Let the cost of bicycle and radio be x and y respectively.

Or, x + y = 7000.

Or, x = 7000 – y…(i)

Or, 2x = y – 1000….(ii)

Or, 2(7000 – y) = y – 1000

Or, 14000 – 2y – y = - 1000

Or, 15000 = 3y

So, y = 5,000

Now, putting y in (i),

or, x = 7000 – y

= 2,000.

The cost of a bicycle is Rs. 5,000 and radio is Rs. 2,000.

**Examples: 4**

**Three years hence a father will be four times as old as his son will be.Before two years he was seven times as old as his son was.

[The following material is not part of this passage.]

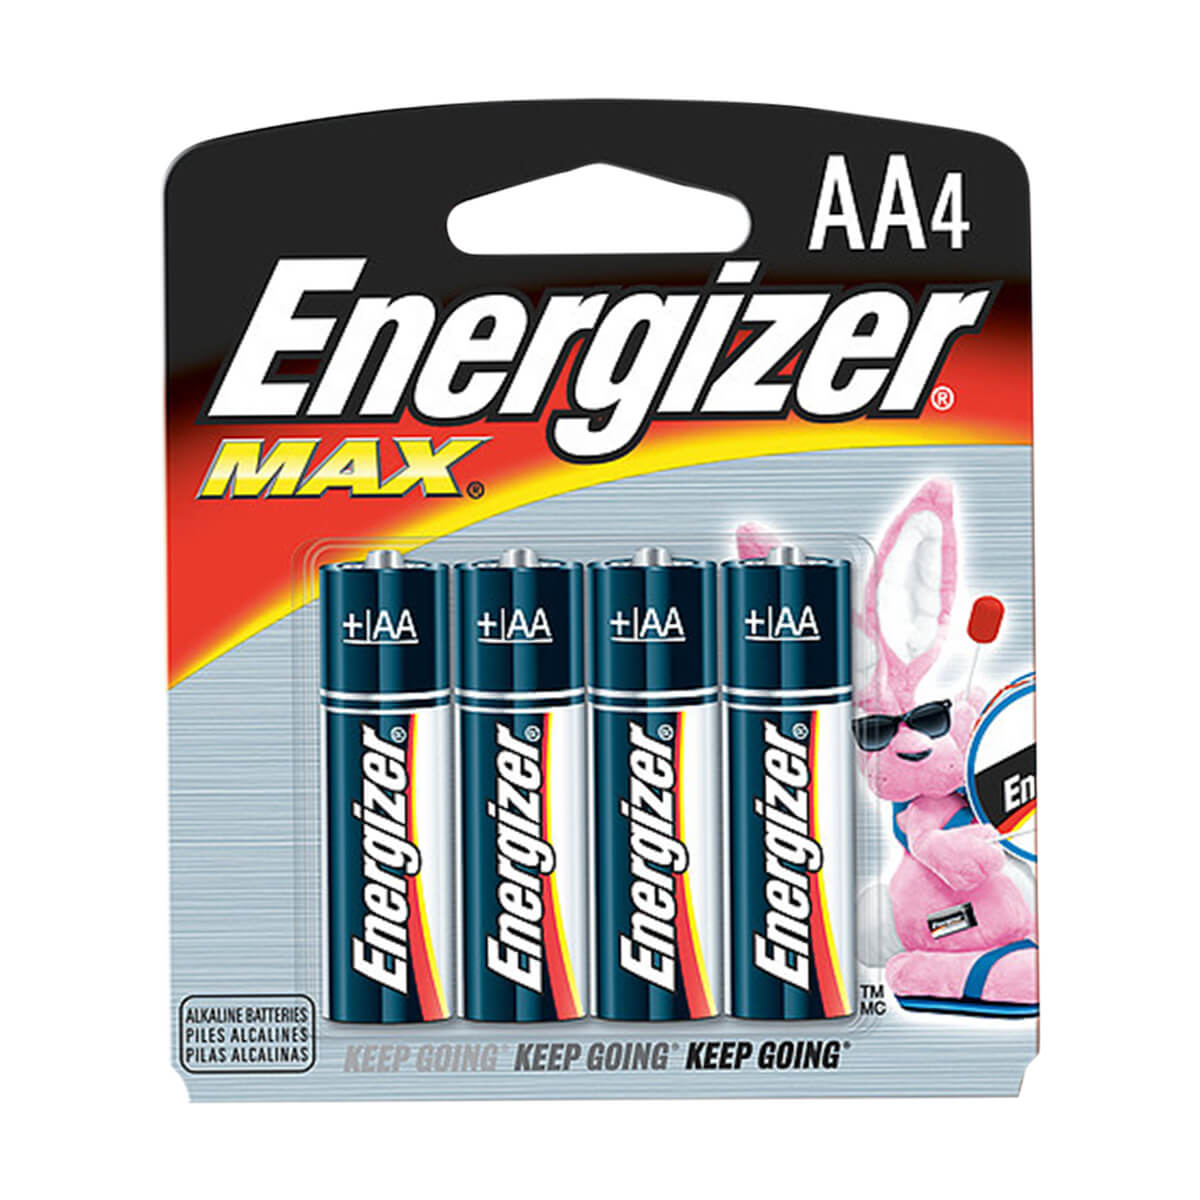 Energizer® AA Batteries - 4 Pack

Find their present ages.**

Let the age of father be x and his son be y. Then,

Or, (x + 3) = 4(y + 3)

Or, x + 3 = 4y + 12

Or, x = 9 + 4y…(i)

Or, (x – 2) = 7(y – 2)

Or, x – 2 = 7y – 14

Or, x – 7y = - 14 + 2

Or, x – 7y = - 12

Or, 7y – x = 12…(ii)

Putting value of x in (ii),

Or, 7y – (9 + 4y) = 12.

Or, 7y – 9 – 4y = 12.

Or, 3y = 21

So, y = 7.

Now, putting y = 7 in (i),

Or, x = 9 + 4 * 7

= 9 + 28

= 37

So, the age of the father is 37 yrs. And his son is 7 years.